··· Information shown

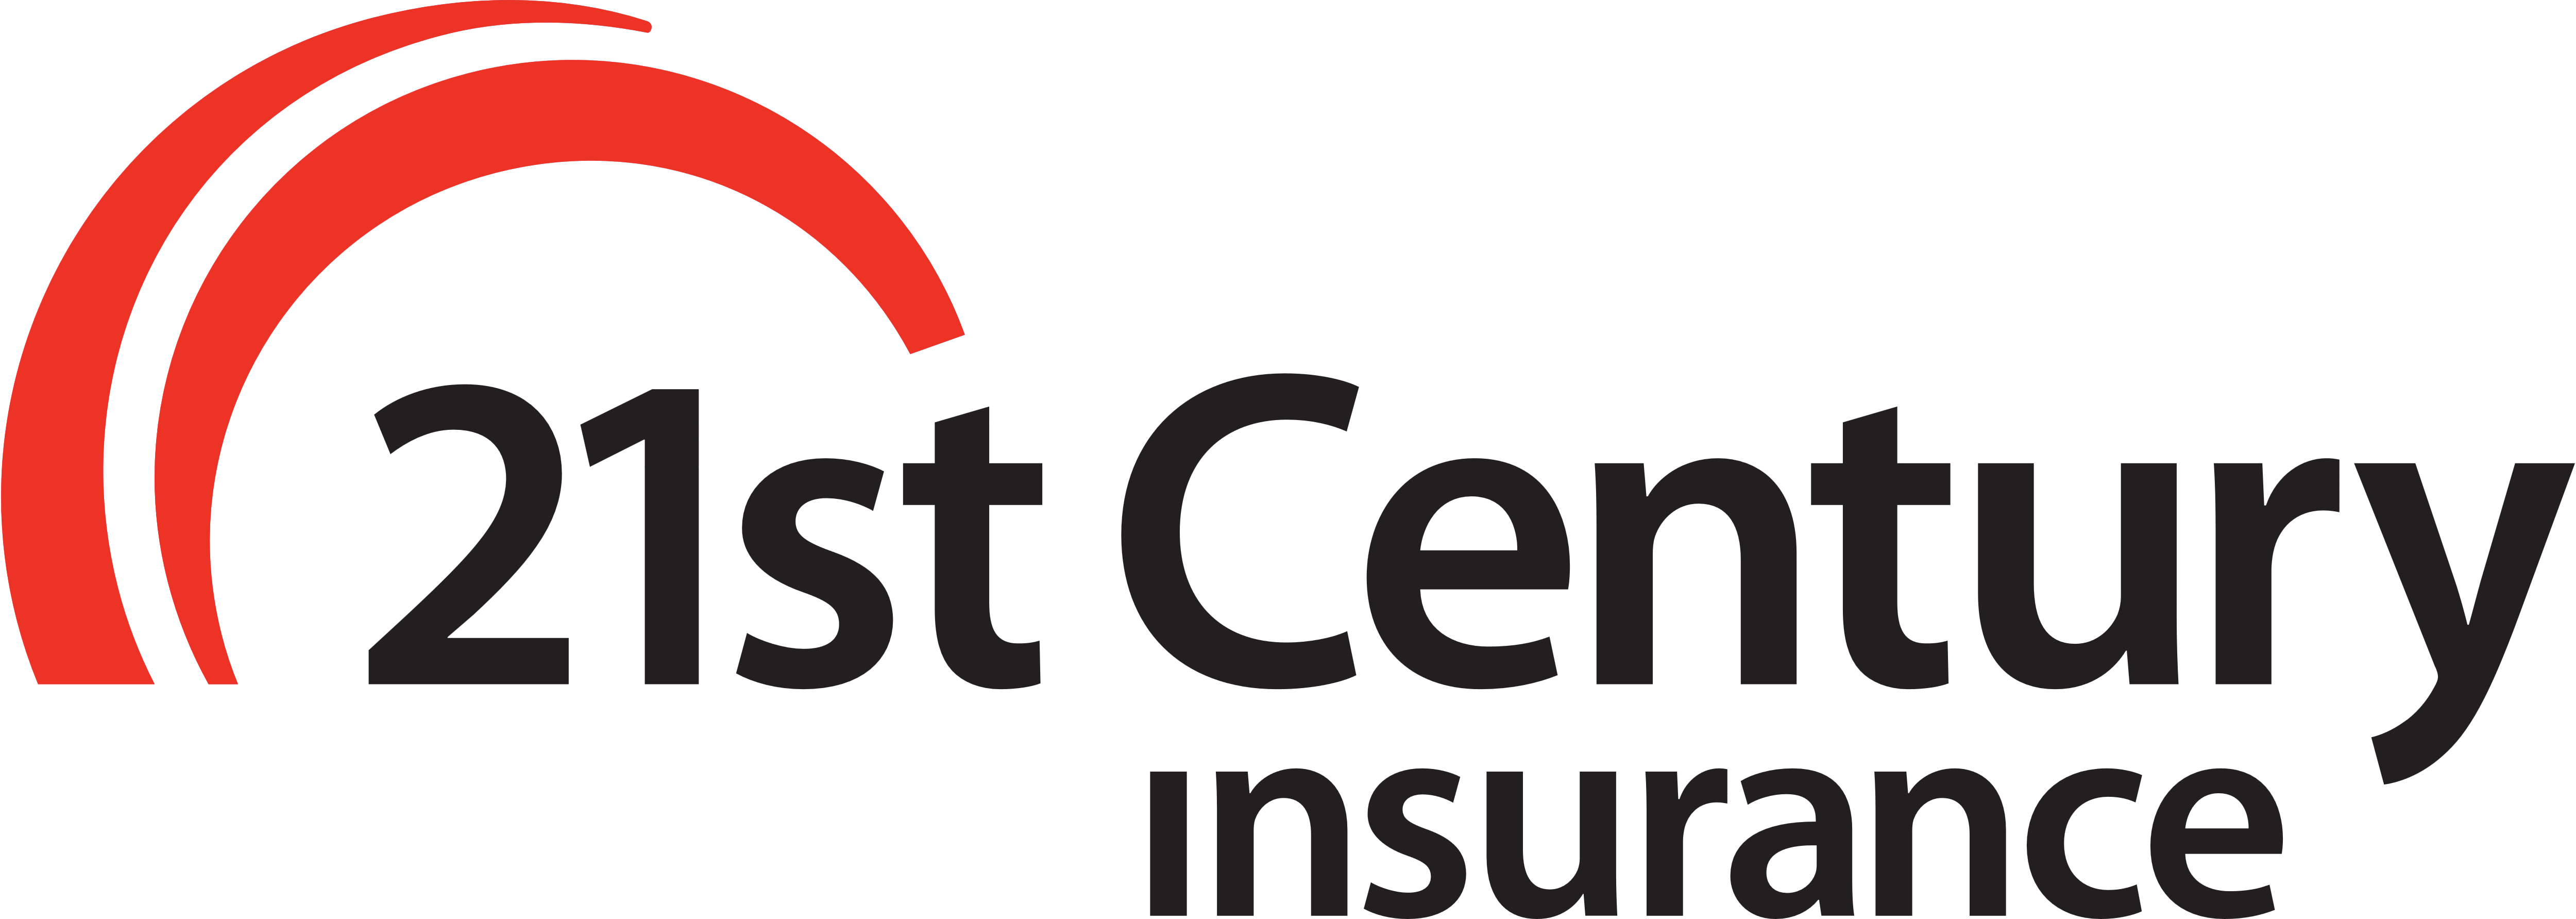 Century Logo - 21st Century Auto Insurance – Logos Download
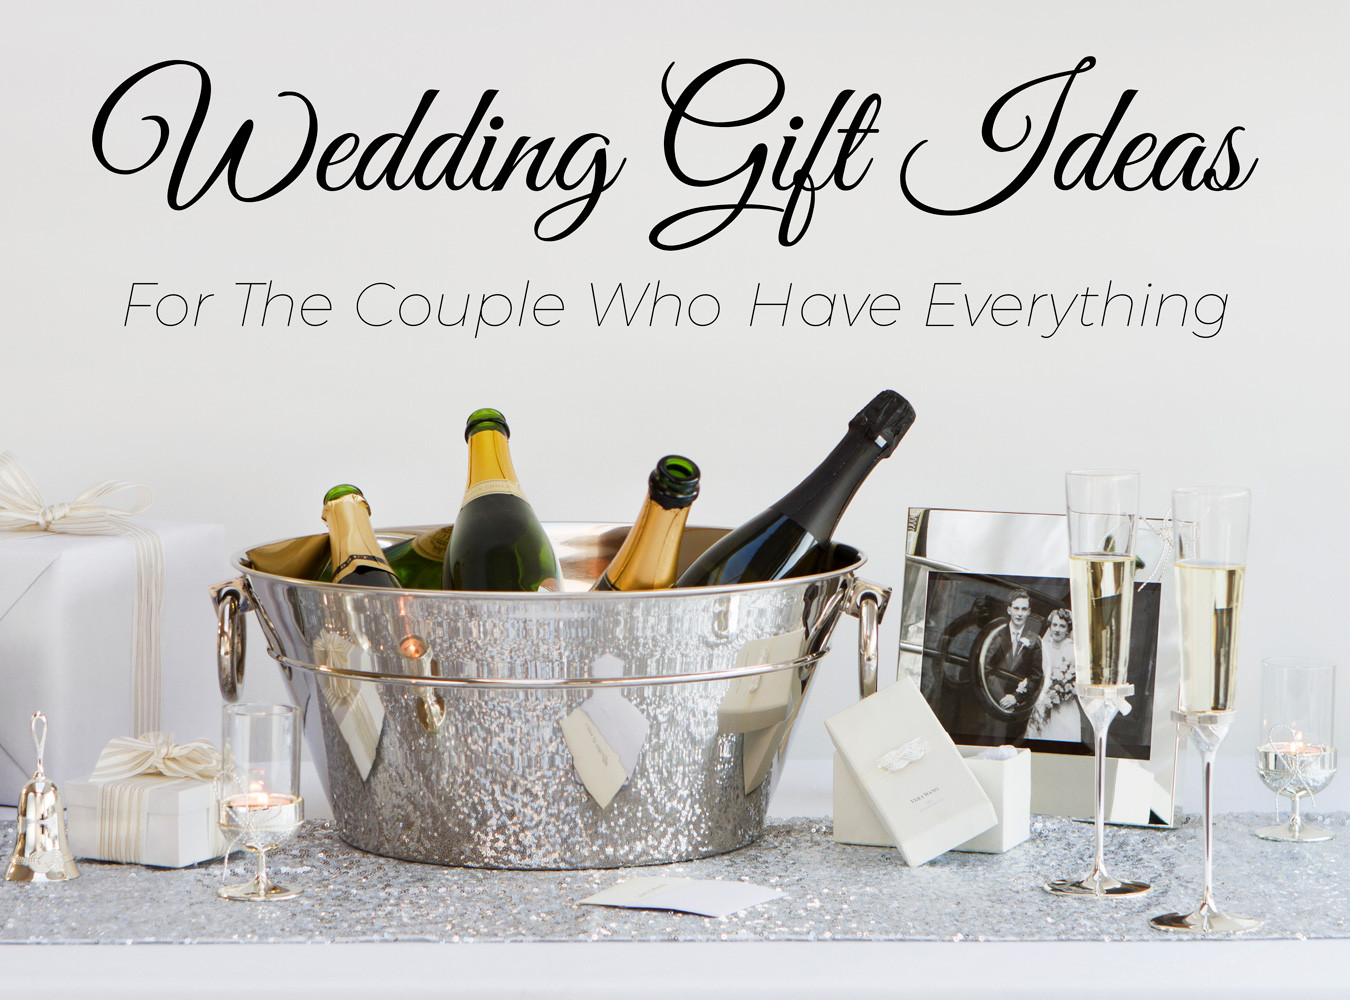 Wedding Gift Ideas Couple Has Everything
 5 Wedding Gift Ideas for the Couple Who Have Everything
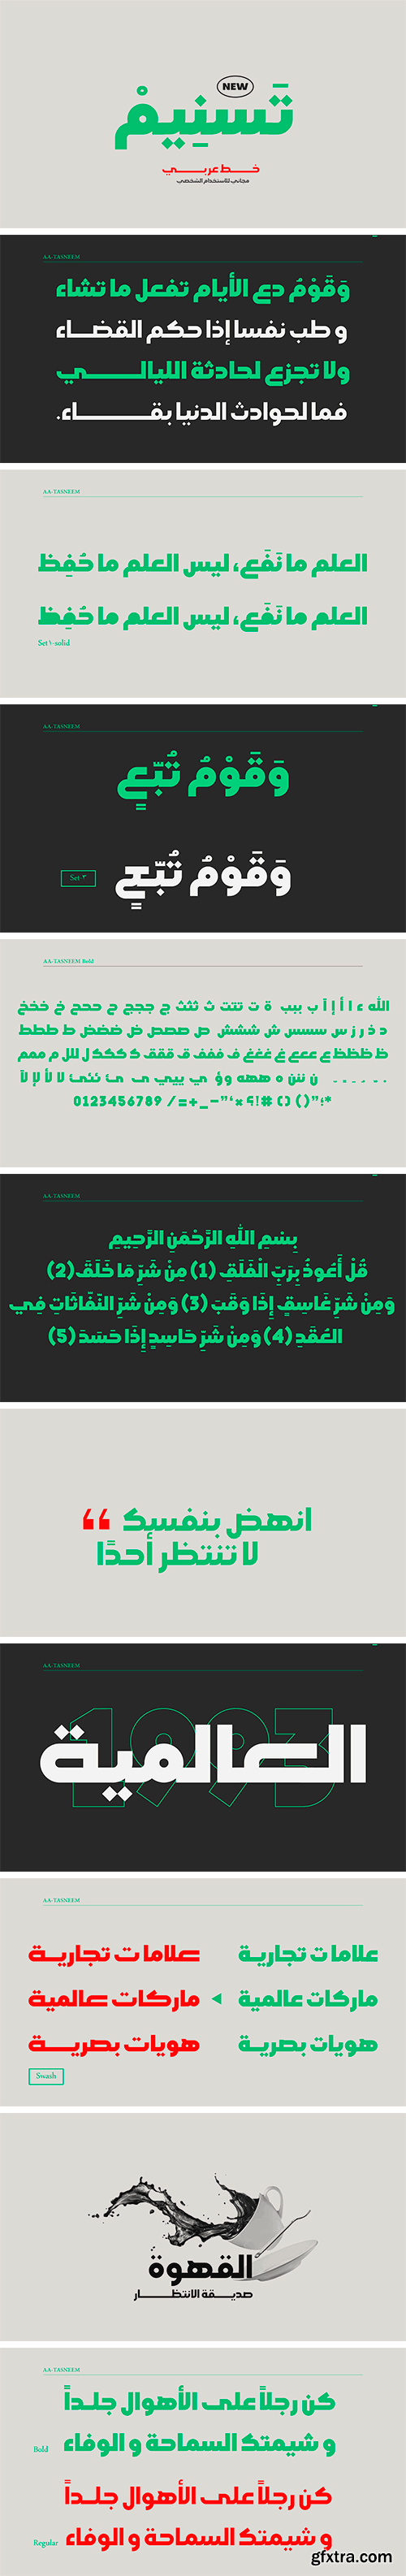 Tasneem Arabic Typeface

······

Copy out all the data exactly. No images belong in the copy.

Your solution:
 Century Logo - 21st Century Auto Insurance – Logos Download
 Wedding Gift Ideas Couple Has Everything
 5 Wedding Gift Ideas for the Couple Who Have Everything
 Tasneem Arabic Typeface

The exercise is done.